新しい設備の導入、新製品・新サービスの開発、新しい顧客層への展開を考えたとき、「革新的新製品・サービス枠と新事業進出枠のどちらで検討すればよいのだろう」と迷う方は少なくありません。
新事業進出・ものづくり商業サービス補助金では、補助上限額だけで枠を選ぶのではなく、何を新しく提供するのか、誰に届けるのか、設備投資がその取組にどう必要なのかを整理することが大切です。
この記事では、国内向けの新製品・新サービス開発や新市場への進出を検討する事業者の方向けに、2つの枠の考え方を解説します。個別の対象性は、事業内容と最新の公募要領を踏まえて確認する必要があります。
※本記事は2026年8月10日時点の第1回公募要領(1.1版)および公式情報を基に作成しています。申請時は必ず最新の公募要領・公式サイトをご確認ください。
- 革新的新製品・サービス枠と新事業進出枠の考え方の違い
- 新規性・新市場・高付加価値性を整理する際の注意点
- 対象になりにくい取組と、申請前のセルフチェック
まず結論|「新しい価値の開発」か「新しい顧客市場への進出」か
大まかな整理は、次のとおりです。
| 検討しやすい枠 | 取組の中心 | 最初に整理したいこと |
|---|---|---|
| 革新的新製品・サービス枠 | 顧客に新しい価値を提供する、新製品・新サービスの開発 | 自社の技術・ノウハウを生かした開発か。既存工程の改善だけではないか。 |
| 新事業進出枠 | 自社にとって新しい製品・サービスを、既存とは異なる顧客市場へ提供する取組 | 新たに提供するものと、新たに対象とする顧客層は何か。 |
「どちらが有利か」ではなく、自社の計画で最も中心となる変化は何かから考えると、枠を整理しやすくなります。

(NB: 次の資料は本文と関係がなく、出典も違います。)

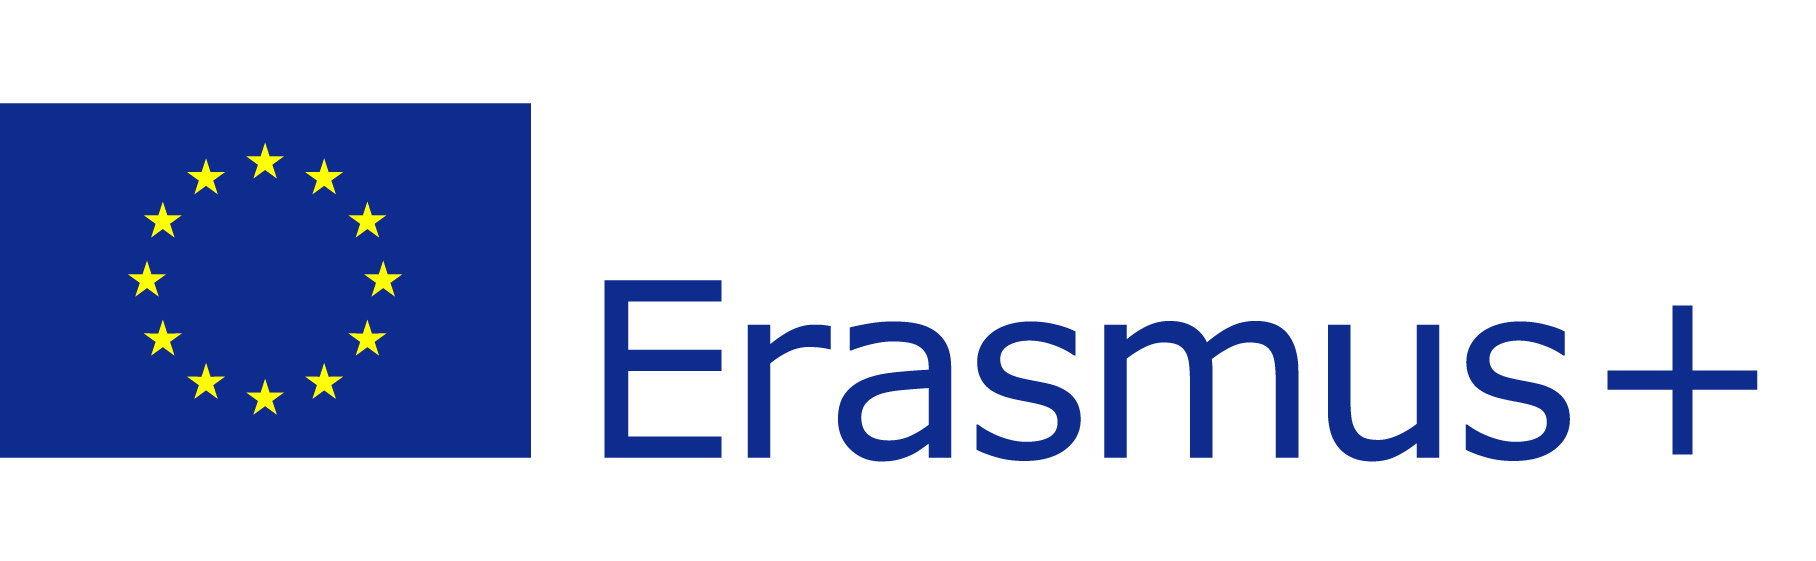 EU flag Erasmus vect POS rit
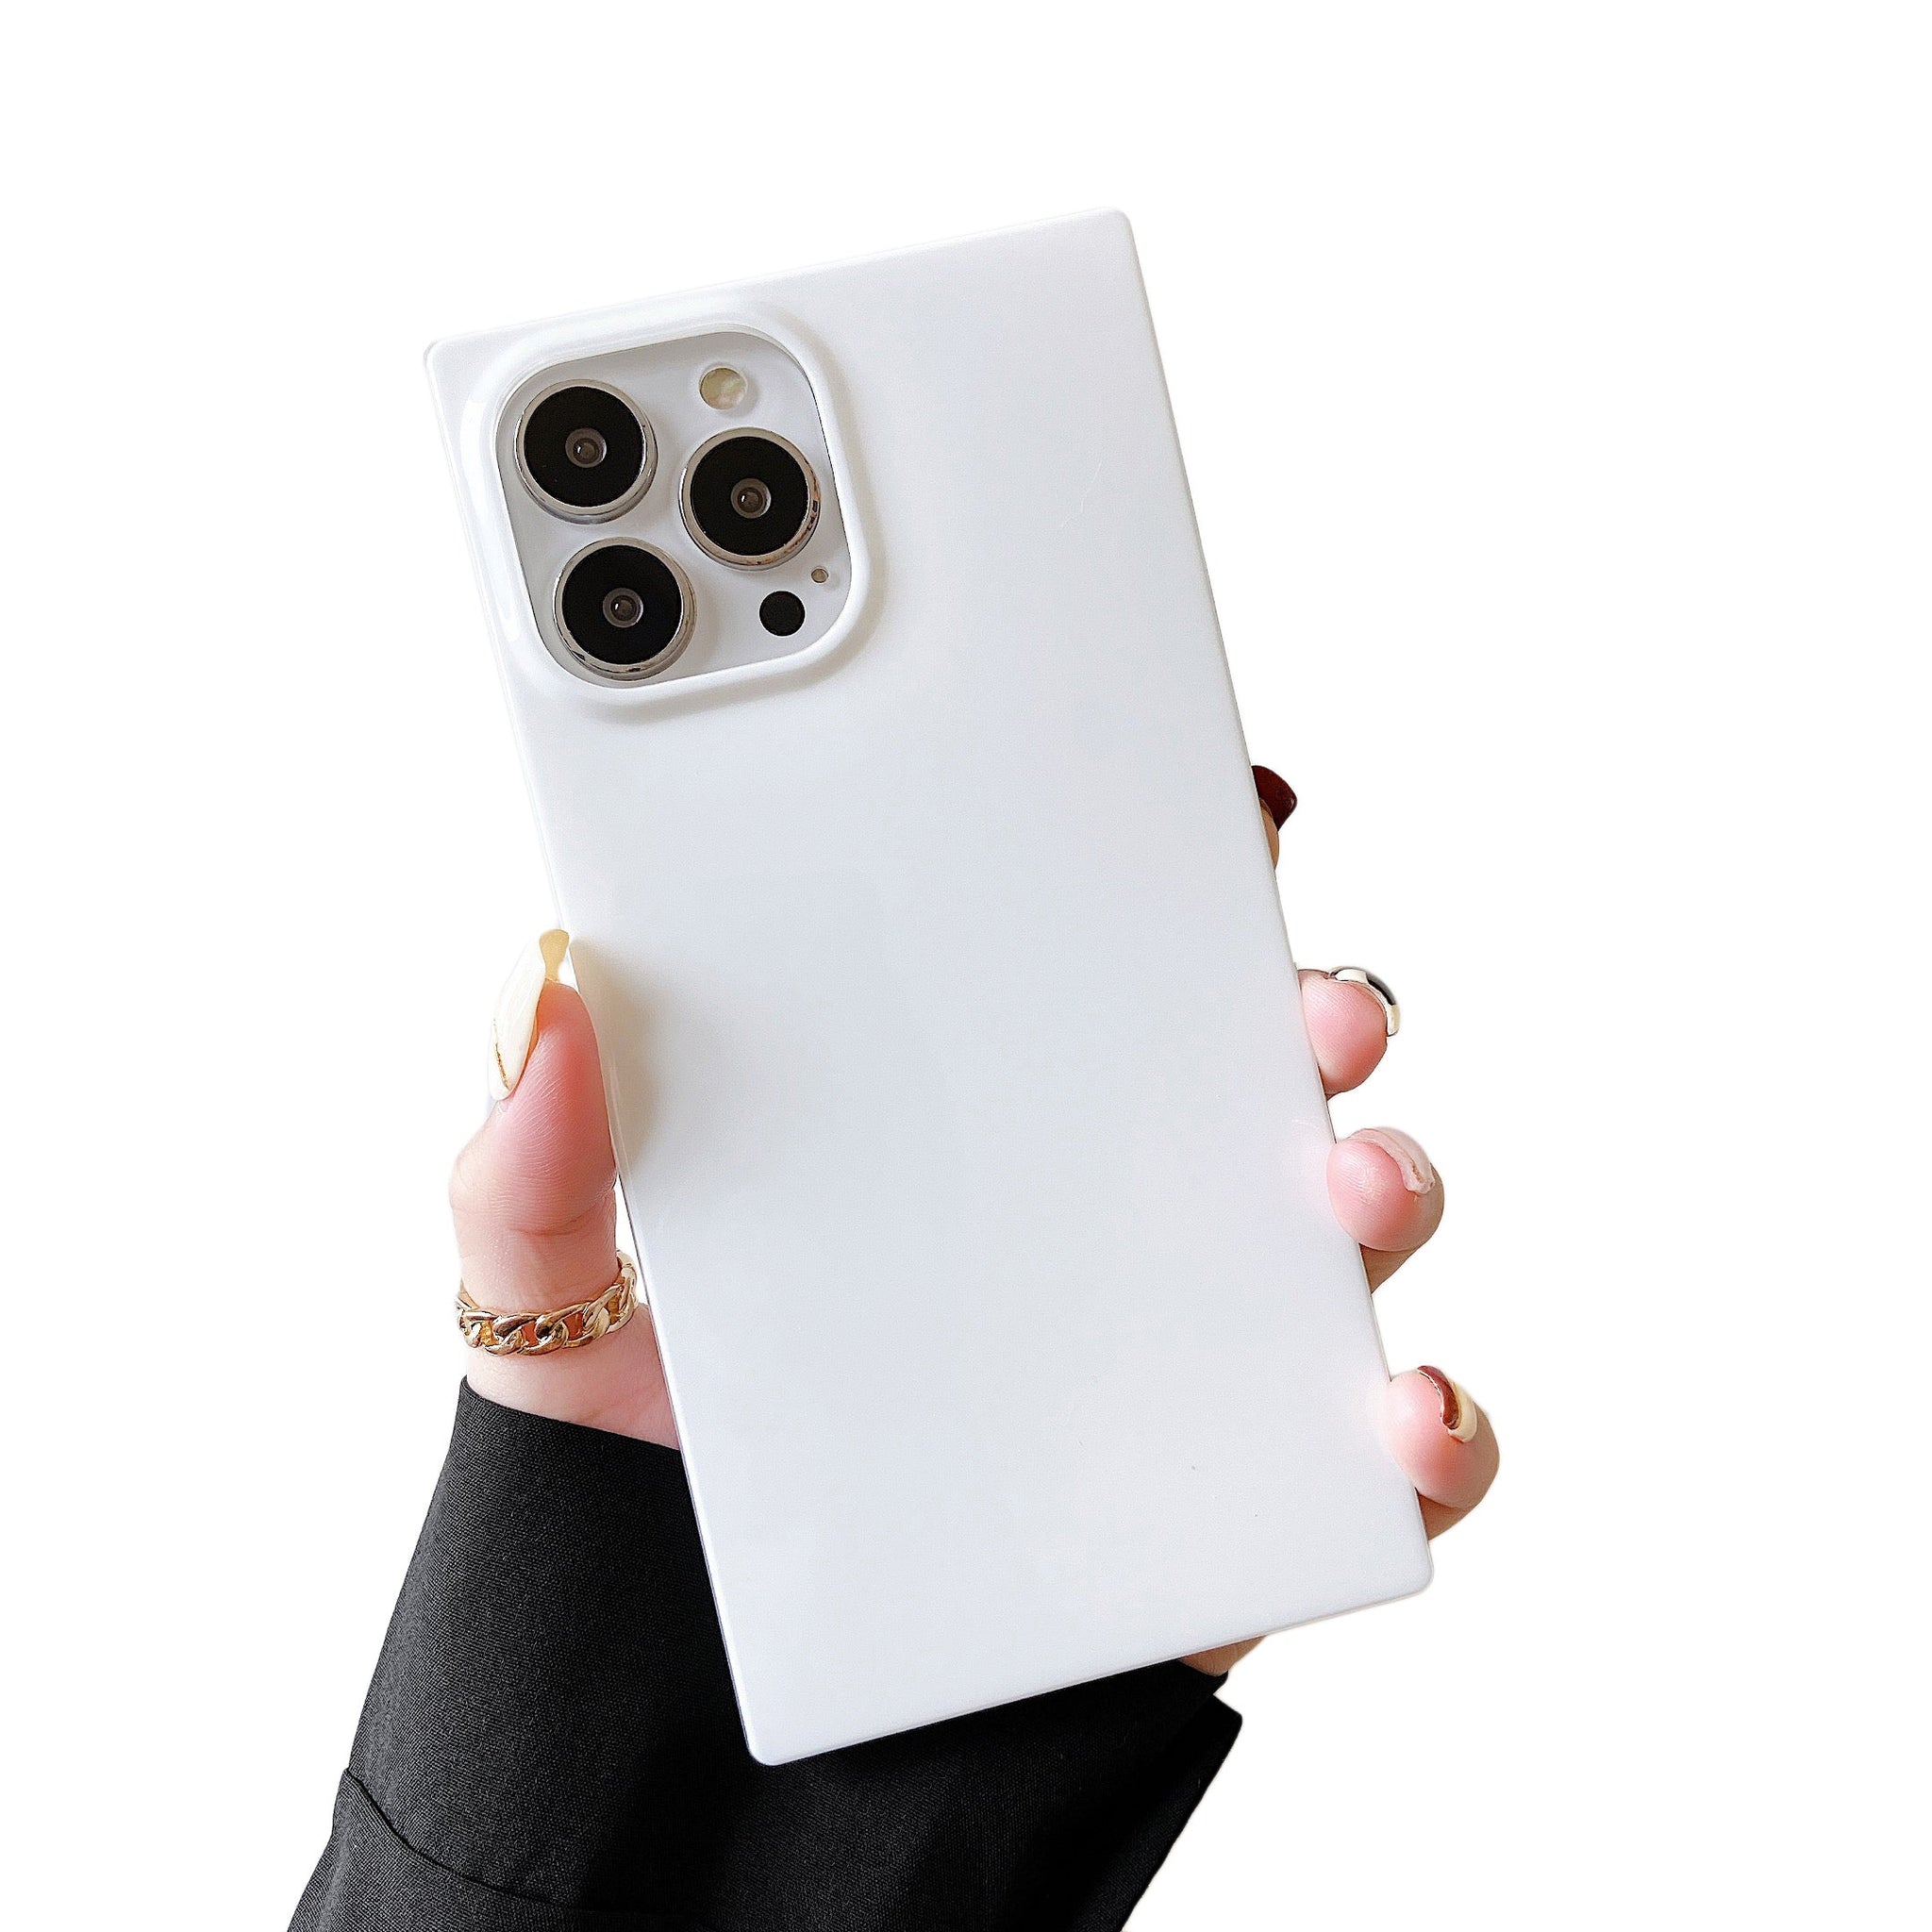 iPhone 11 Pro Max Case Square Neutral Plain Color (White)

制度全体の3枠比較や補助率・上限額は、新事業進出・ものづくり商業サービス補助金とは?3つの申請枠と対象事業を解説で確認できます。
国内向け2枠とグローバル枠の違い
補助対象事業枠は、導入したい設備の金額だけで選ぶものではありません。自社が何を新しくするのかを起点に、最も合う枠を検討します。
革新的新製品・サービス枠
自社の技術力やノウハウを生かし、顧客に新たな価値を提供する革新的な新製品・新サービスを開発する取組のための枠です。既存の製品・サービスの生産工程を改善するだけの取組や、新製品・新サービスの開発を伴わない設備導入は対象になりません。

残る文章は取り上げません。